The entire code base turned out to be fifty-four lines, but it's fifty-four lines of code that seemed to be doing quite a lot. Some of the boards given by the testing program had around 3,000 solutions. I mean, fifty-four lines just to do all of that!

It's pretty amazing.

Backtracking search, pt1

I give you a puzzle and I tell you that this puzzle has a million solutions to it. Furthermore, I want you to find all one million solutions. How would you accomplish this? It would likely be a very time-consuming task, and there would be well, quite a bit of things to keep track of.
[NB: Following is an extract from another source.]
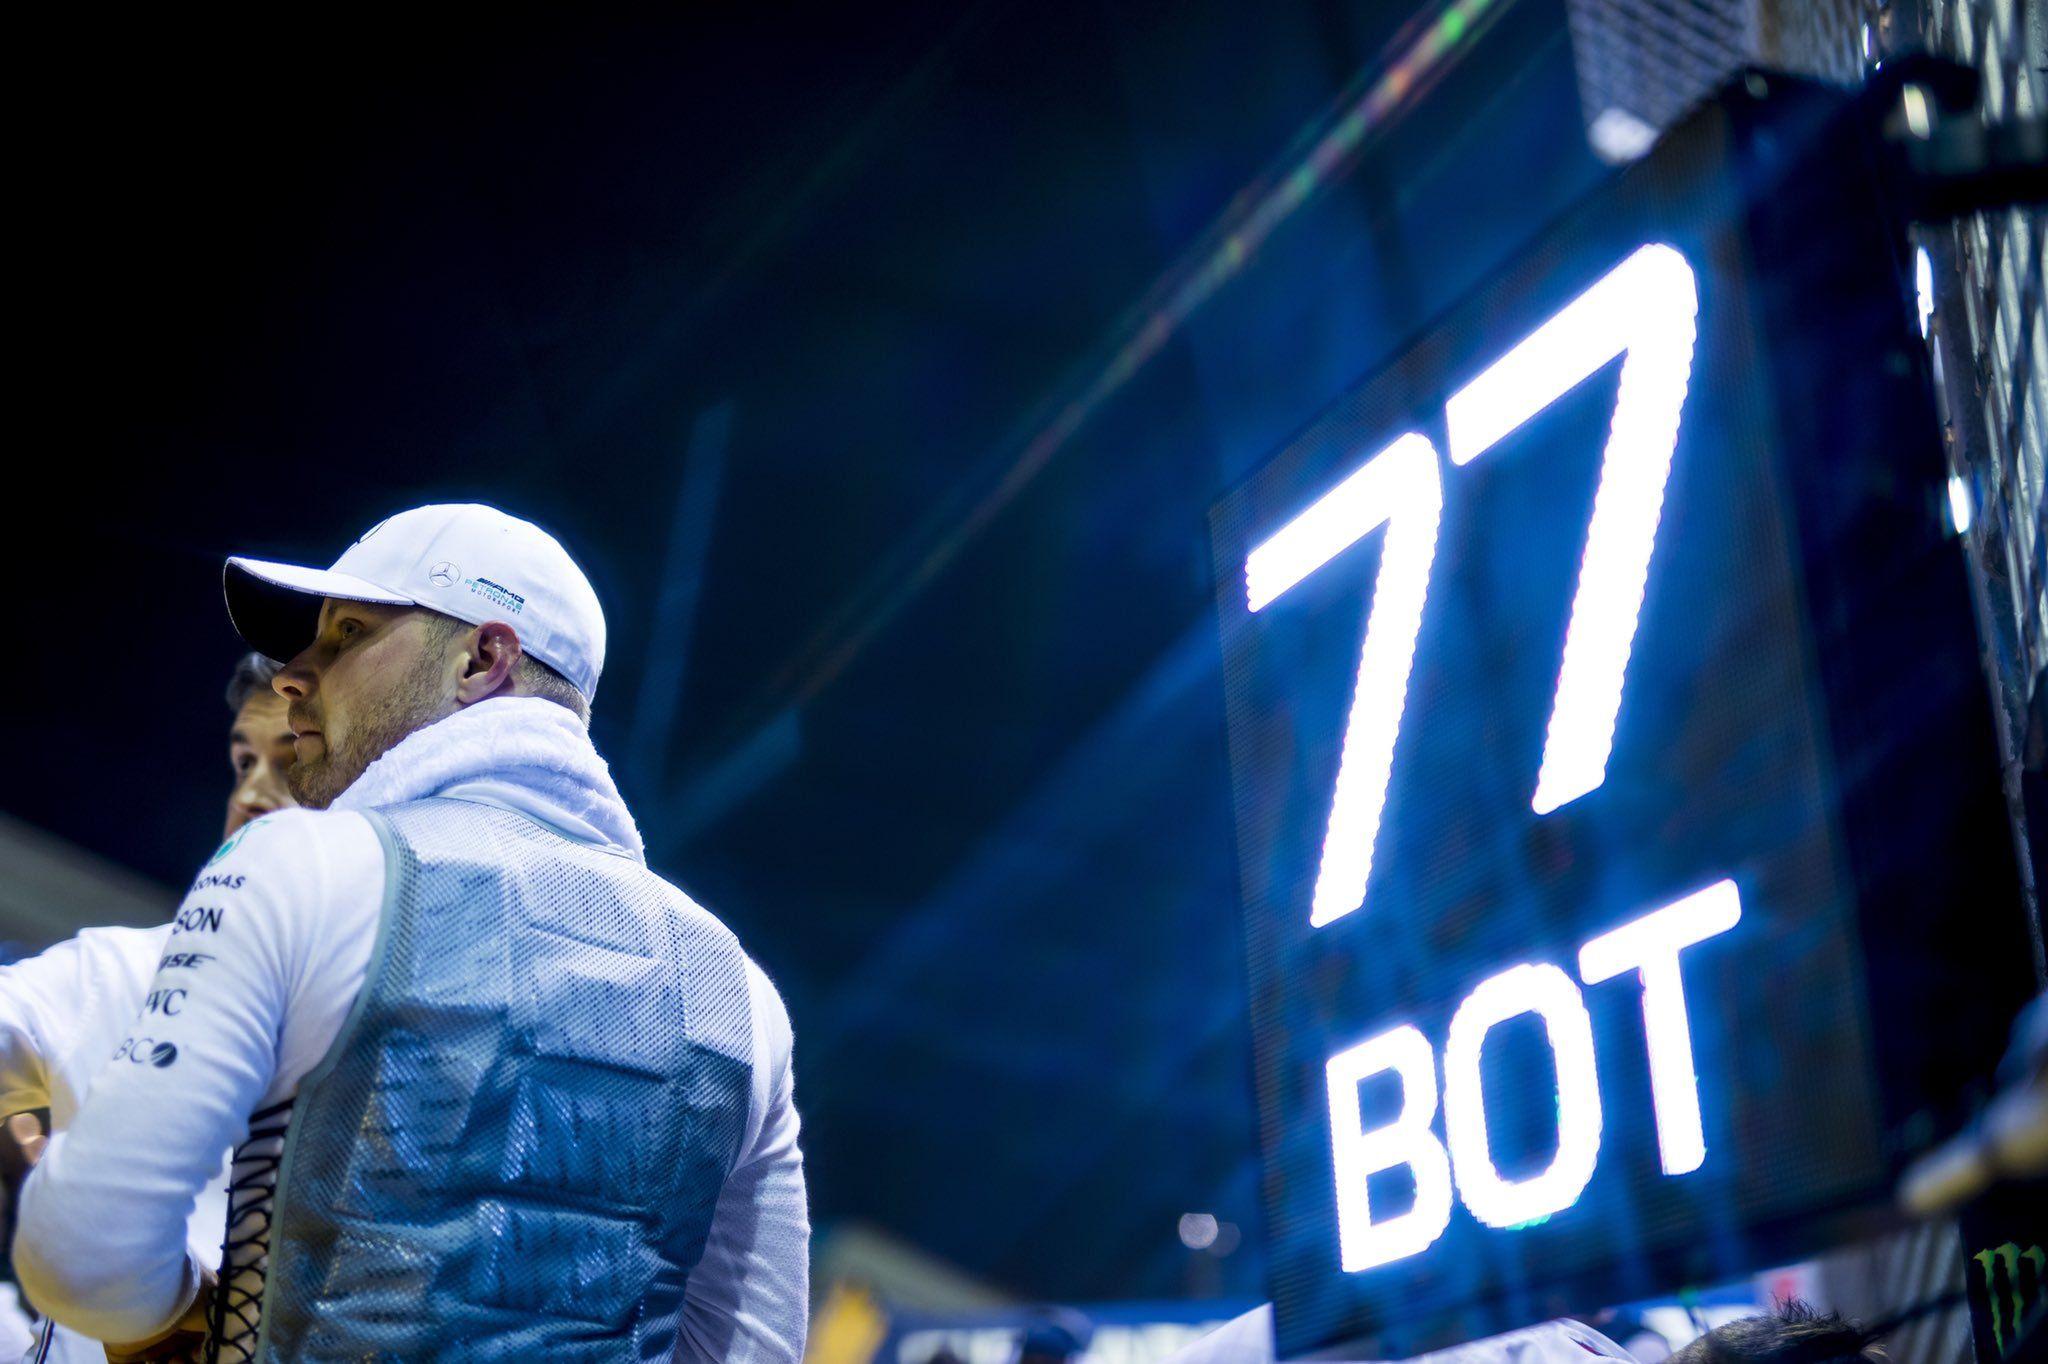 Valtteri Bottas, Podcast

Let's get a little more specific. I have a chessboard, and I want to know how many configurations of queens I can have, so that one queen occupies a row, and no queen is able to attack one another. Let's go a little simpler. I have a chessboard that is 1x1. How many solutions are there? One, and this is a pretty trivial case. There are no solutions for a 2x2 board and there are no solutions for a 3x3 board, but there are two solutions for a 4x4 board.

How would we find them?

Let's start with an empty board.
....
....
....
....

Let's place a queen in the first row, first column.
Q...
....
....
....

Now, let's go to the second row. Since we cannot place a queen in the first or second column, let's place a queen in the third column.
Q...
..Q.
....
....

Now, for the third row. Where can we place a queen?
The first, second, third, and fourth columns are right now. So we must backtrack. We will take off our queens, and start by placing one at the second column.
.Q..
....
....
....

Our next possible place is the fourth column, second row.
.Q..
...Q
....
....

Now, our next possible place is the first column, third row.
.Q..
...Q
Q...
....

Our last place to check is the 3rd column, last row.
.Q..
...Q
Q...
..Q.

And now we have a solution. This took about seven steps. Quite awhile. There is one more solution to a 4x4 board, but it's just a mirror image. I won't get solving this as you should see the pattern.

So, how would we find all solutions for an 8x8 or even an NxN problem set?

With a computer that can do what we did. Of course.